Contributing Writer
In the latest of several moves to improve dosing options and expand patient populations for its drugs, Genzyme Corp. filed a new drug application with the FDA for Renvela (sevelamer carbonate), an improved formulation of Renagel (sevelamer hydrochloride) for the control of serum phosphorus levels in chronic kidney disease patients on dialysis.
Elevated serum phosphorus is common in dialysis patients and has been linked to increased risk of cardiovascular mortality, so phosphate binders often are prescribed to clear the excess phosphorus in food from the body. Renagel is the most-prescribed phosphate binder in the U.S., bringing in $134.7 million in revenues in the third quarter and a projected $495 million to $505 million overall for 2006. Yet the hydrochloride in Renagel also is difficult for the kidneys of dialysis patients to clear and can bind with carbonate and lower bicarbonate levels in the blood, resulting in acidosis.
John Butler, president of Genzyme Renal, said acidosis is "not a safety concern" for patients on dialysis, but switching out the hydrochloride for carbonate allows Genzyme to "offer a better product."
Both Renagel and Renvela offer potential benefits over calcium-based phosphate binders, the company said. Last month, Genzyme presented data at the American Society of Nephrology annual meeting from the largest prospective dialysis outcomes study ever conducted showing that patients using Renagel experienced lower rates of hospitalization, fewer days in the hospital, and reduced overall health care expenditures compared to patients treated with calcium-based phosphate binders. Renagel also offers a significant reduction in LDL cholesterol, and Butler referenced data correlating the higher rate of calcification in patients on calcium-based phosphate binders to a significantly higher mortality rate over five years.
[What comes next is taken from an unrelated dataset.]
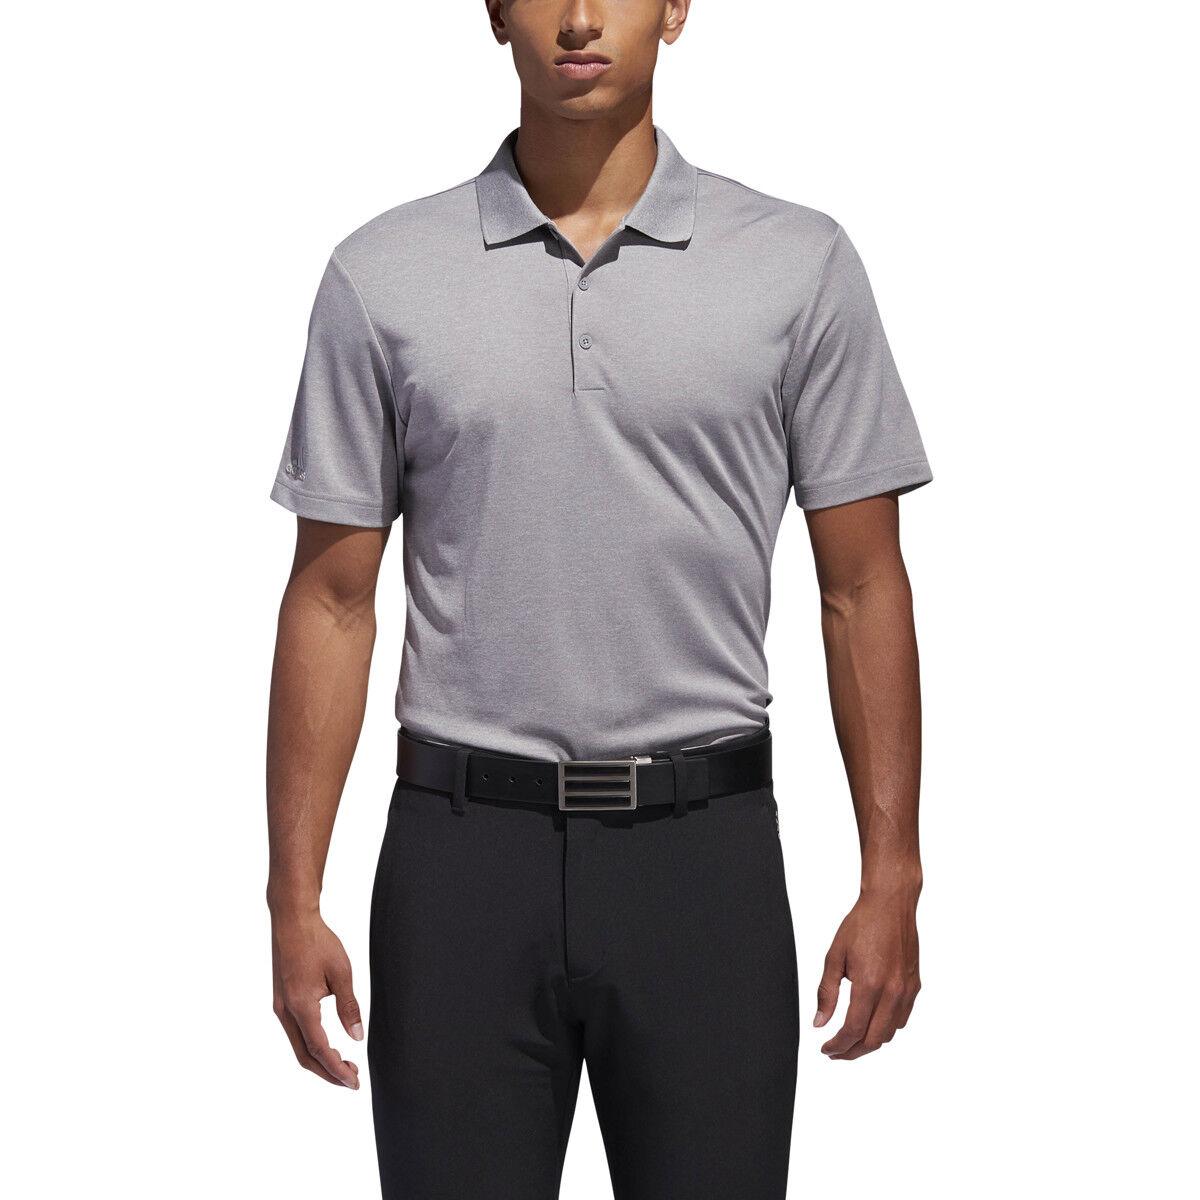 New 2018 Adidas Performance Golf Grey Heather Polo Shirt Medium (M)

Yet Renvela has additional benefits, both for patients and for Genzyme. While Renagel is approved only for patients on dialysis, Genzyme already is conducting a pivotal trial with Renvela in hyperphosphatemic patients with chronic kidney disease who have not progressed to dialysis. As soon as the Renvela NDA is approved, which Genzyme anticipates could occur in late 2007 based on a standard 10-month review cycle, the company will be ready and waiting to file for an expanded label in the pre-dialysis patient population. While there are about 350,000 dialysis patients treated by nephrologists in the U.S., the number of patients with chronic kidney disease managed by nephrologists is estimated at 1 million.
Additionally, while Renagel is dosed in tablets taken three-times daily (with every meal), the Renvela formulation allows Genzyme to explore once-daily dosing with a powdered version of the drug that could be dissolved in water. The company anticipates that the formulation would be particularly attractive to pre-dialysis chronic kidney disease patients and is conducting a pivotal trial that compares the powdered form of Renvela to Renagel. Both Renvela pivotal studies have completed enrollment.
"When we acquired the Renagel program from GelTex [Pharmaceuticals Inc.] back in 2000, we said it had $1 billion potential," Butler said. "Expanding the label is what's going to get us there."
The Renvela/Renagel product line is one of several in which Cambridge, Mass.-based Genzyme is seeking to expand market share. Last month, the company announced preliminary data indicating that a single-dose regimen of Synvisc (hylan G-F 20) resulted in a statistically significant improvement in pain from osteoarthritis of the knee compared to placebo. Synvisc is approved in a three-injection dosing regimen, but Genzyme plans to submit a request for a label amendment based on the data in the first half of 2007.
Clolar (clofarabine) is another example - the drug is approved for the treatment of children with refractory or relapsed acute lymphoblastic leukemia, but Genzyme is conducting Phase II trials in pediatric acute myelogenous leukemia and in adult patients with refractory or relapsed acute myelogenous leukemia. Other studies looking at combination treatments and other indications also are under way. Similarly, Campath (alemtuzumab for injection) is approved for B-cell chronic lymphocytic leukemia, but Genzyme sees potential for the drug and is conducting studies in non-Hodgkin's lymphoma and multiple sclerosis.
"When you have a gold standard on the market, you want to protect and expand that market," Butler said, adding that Genzyme's corporate strategy is to try to make its products available to everyone who would benefit from them.